新增⼀个索引blog_lastest，Mapping数据结构与blog索引一致
将blog数据同步至blog_lastest
删除blog索引
数据同步后给blog_lastest添加别名blog

新建索引

在这里推荐一个ES管理工具Kibana，主要针对数据的探索、可视化和分析。

put /blog_lastest/
{
    "mappings":{
        "properties":{
            "title":{
                "type":"text",
                "analyzer":"ik_max_word"
            },
            "author":{
                "type":"keyword",
                "fields":{
                    "seg":{
                        "type":"text",
                        "analyzer":"ik_max_word"
                    }
                }
            }
        }
    }
}

将旧索引数据copy到新索引

同步等待

接⼝将会在 reindex 结束后返回

POST /_reindex
{
	"source": {
		"index": "blog"
	},
	"dest": {
		"index": "blog_lastest"
	}
}

在 kibana 中的使用如下所示

当然高版本（7.1.1）中，ES都有提供对应的Java REST Client，比如

1
2
3

ReindexRequest reindexRequest = new ReindexRequest();
reindexRequest.setSourceIndices("blog").setSource.setDestIndex("blog_lastest");
TaskSubmissionResponse taskSubmissionResponse = client.submitReindexTask(reindexRequest, RequestOptions.DEFAULT);

为了防止赘述，接下来举例全部以kibana中请求介绍，如果有需要用Java REST Client，可以自行去ES官网查看。

异步执⾏

如果 reindex 时间过⻓，建议加上 wait_for_completion=false 的参数条件，这样 reindex 将直接返回 taskId。
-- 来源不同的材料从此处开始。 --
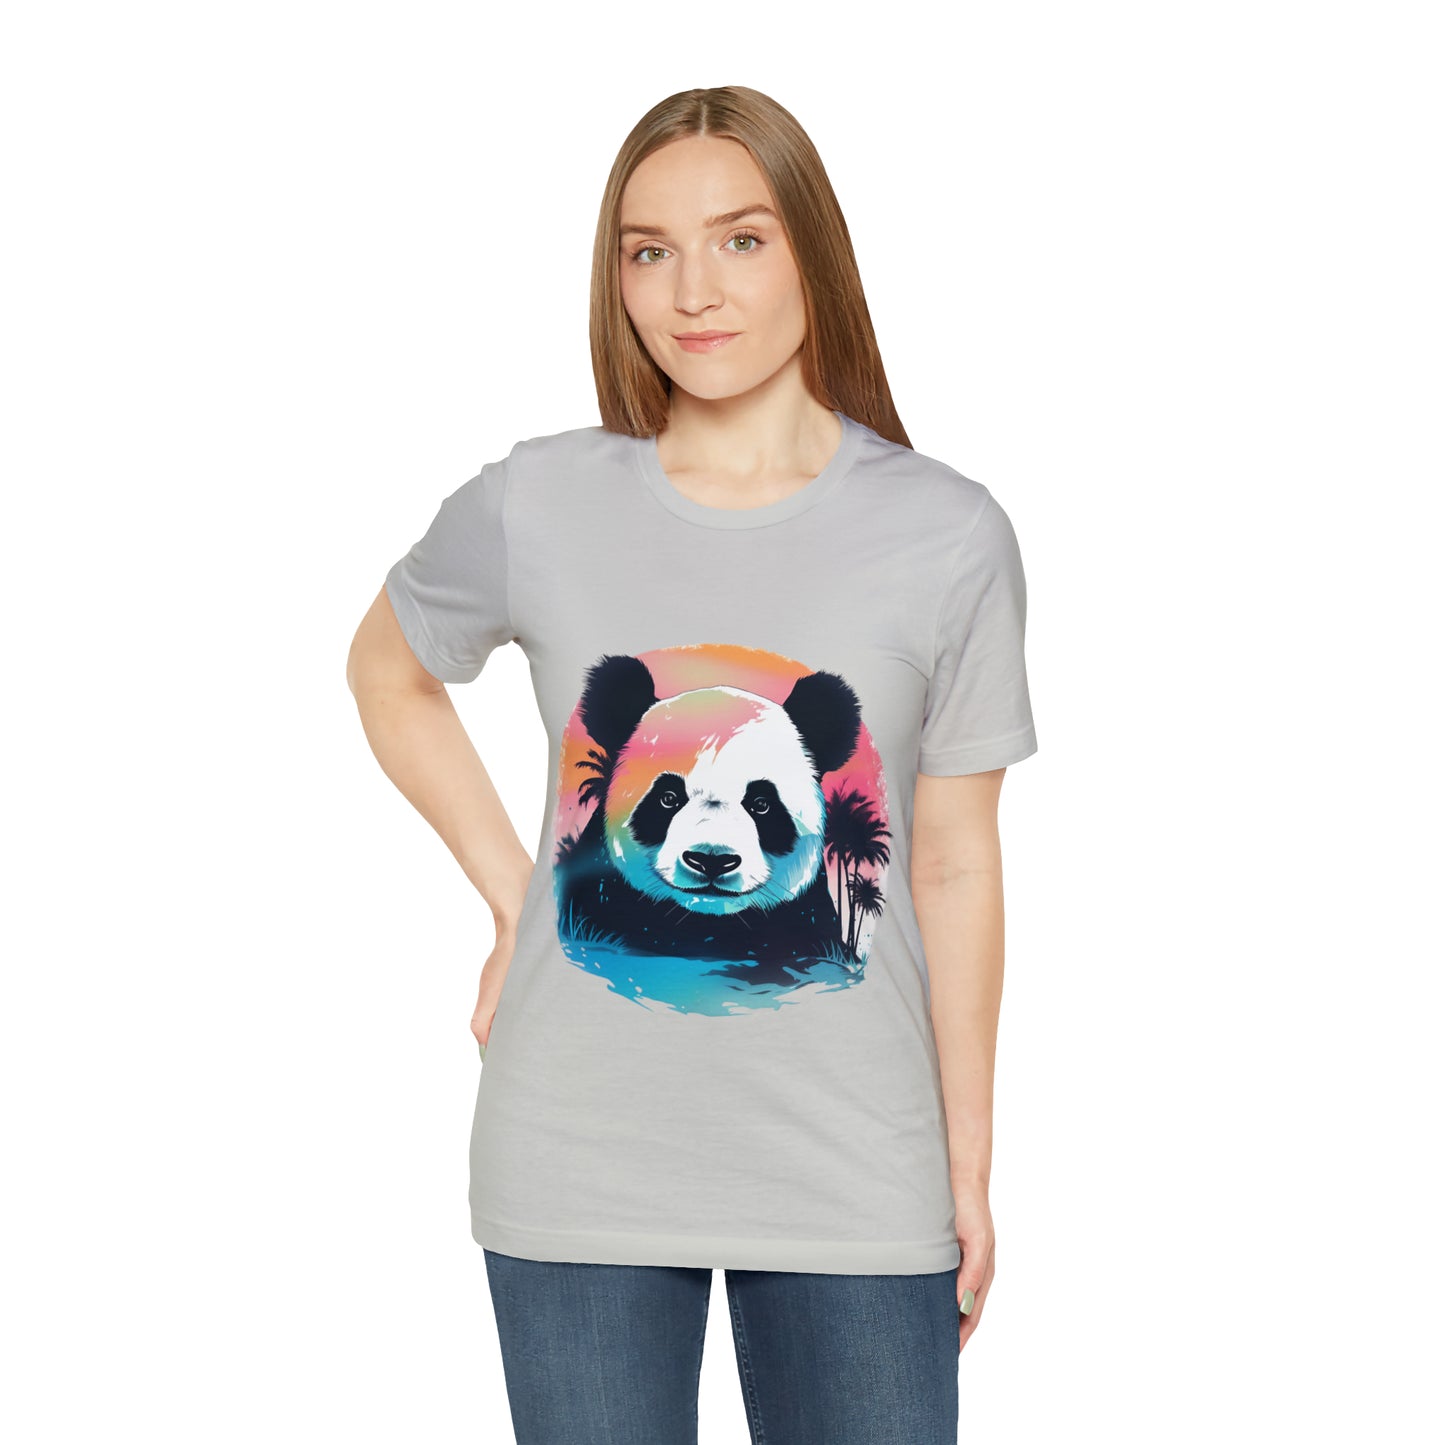 Panda Power Tee

POST /_reindex?wait_for_completion=false
{
	"source": {
		"index": "blog"
	},
	"dest": {
		"index": "blog_lastest"
	}
}

1
2
3

{
  "task" : "dpBihNSMQfSlboMGlTgCBA:4728038"
}

op_type 参数

op_type 参数控制着写入数据的冲突处理方式，如果把 op_type 设置为 create【默认值】，在 _reindex API 中，表示写入时只在 dest.index中添加不存在的 doucment，如果相同的 document 已经存在，则会报 version confilct 的错误，那么索引操作就会失败。【这种方式与使用 _create API 时效果一致】

POST _reindex
{
  "source": {
    "index": "blog"
  },
  "dest": {
    "index": "blog_lastest",
    "op_type": "create"
  }
}

如果这样设置了，也就不存在更新数据的场景了【冲突数据无法写入】
官方文档是这样解释的：

Setting op_type to create causes _reindex to only create missing documents in the destination. All existing documents will cause a version conflict.
Because data streams are append-only, any reindex request to a destination data stream must have an op_type ofcreate. A reindex can only add new documents to a destination data stream. It cannot update existing documents in a destination data stream.

conflicts 配置

默认情况下，当发生 version conflict 的时候，_reindex 会被 abort，任务终止【此时数据还没有 reindex 完成】，在返回体中的 failures 指标中会包含冲突的数据【有时候数据会非常多】，除非把 conflicts 设置为 proceed。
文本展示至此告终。